Por: Ana Luisa Martins*, do Rio de Janeiro, RJ

Revista ResistenciaA opressão, em suas diversas formas, sempre foi ferramenta do capitalismo para superexplorar a classe trabalhadora. Mesmo algumas anteriores ao próprio sistema capitalista, como o machismo, foram profundamente incorporadas por ele.

Em nosso tempo histórico, desde a abertura da atual crise econômica mundial, o capitalismo intensificou ferozmente a combinação entre exploração e opressão. Aos planos de austeridade se somam a ofensiva ideológica conservadora. Há uma queda brutal do nível de vida e um retrocesso histórico na consciência e nos costumes.
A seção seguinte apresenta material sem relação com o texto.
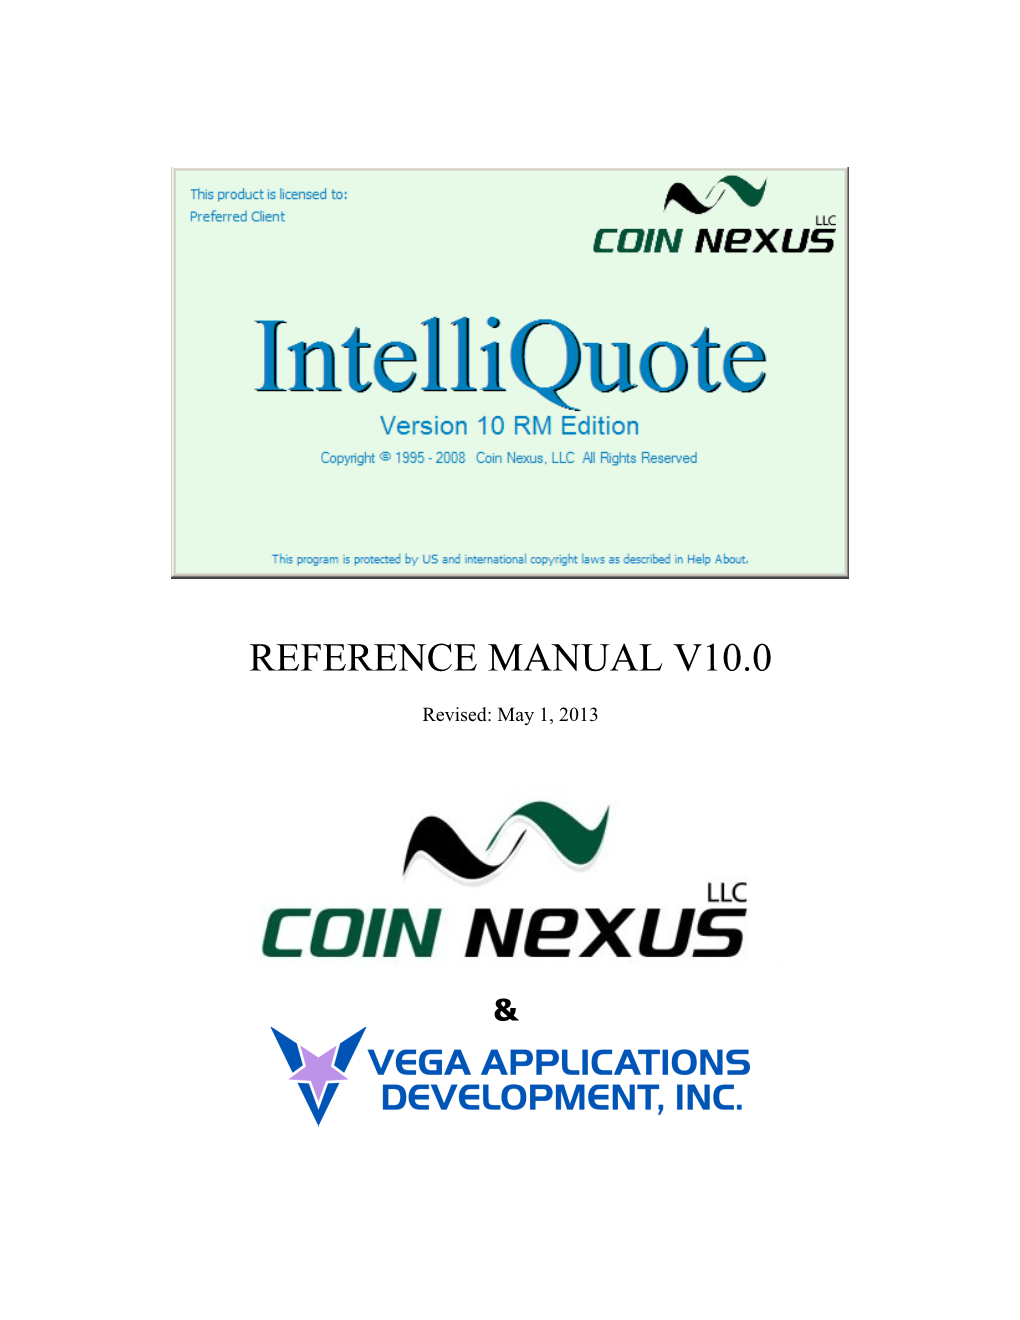 Reference Manual V10.0

O capitalismo está nos levando à barbárie. São os setores oprimidos (negros, mulheres, pessoas LGBTs, imigrantes) que mais sentem a fúria do capital. Há um extermínio do povo negro. Uniformes já não protegem mais jovens e crianças negras dos tiros da PM no Rio de Janeiro, sob intervenção militar. Pais presos e crianças enjauladas em bases dos EUA por tentarem um futuro do outro lado da fronteira. O desespero enchendo navios que afundam sem um porto para atracar. Os crescentes crimes de ódio contra pessoas LGBTs. A violência contra a mulher e o feminicídio, uma epidemia mundial.

O capitalismo desumaniza vidas e povos inteiros. E é sobre estes imensos setores da classe trabalhadora que, utilizando a ideologia das opressões, o sistema muda o patamar de exploração.

Não é possível entender o Brasil e o mundo sem considerar estes elementos do capitalismo atual. Aliás, não se entende sequer a formação das classes sem levar em conta os 388 anos de escravidão.

Não é possível se ligar profundamente a nossa classe, sem compreender a opressão que sofre, que a constitui, que media a forma como esta vê o mundo e, principalmente, como o mundo a vê.

Está fadada ao fracasso uma organização revolucionária que não hierarquize a luta contra as opressões associada à luta anticapitalista.

Capitalismo disputa os oprimidos
É necessário nitidez sobre as diversas vertentes que existem nos movimentos de opressões, que expressam distintas posições de classe.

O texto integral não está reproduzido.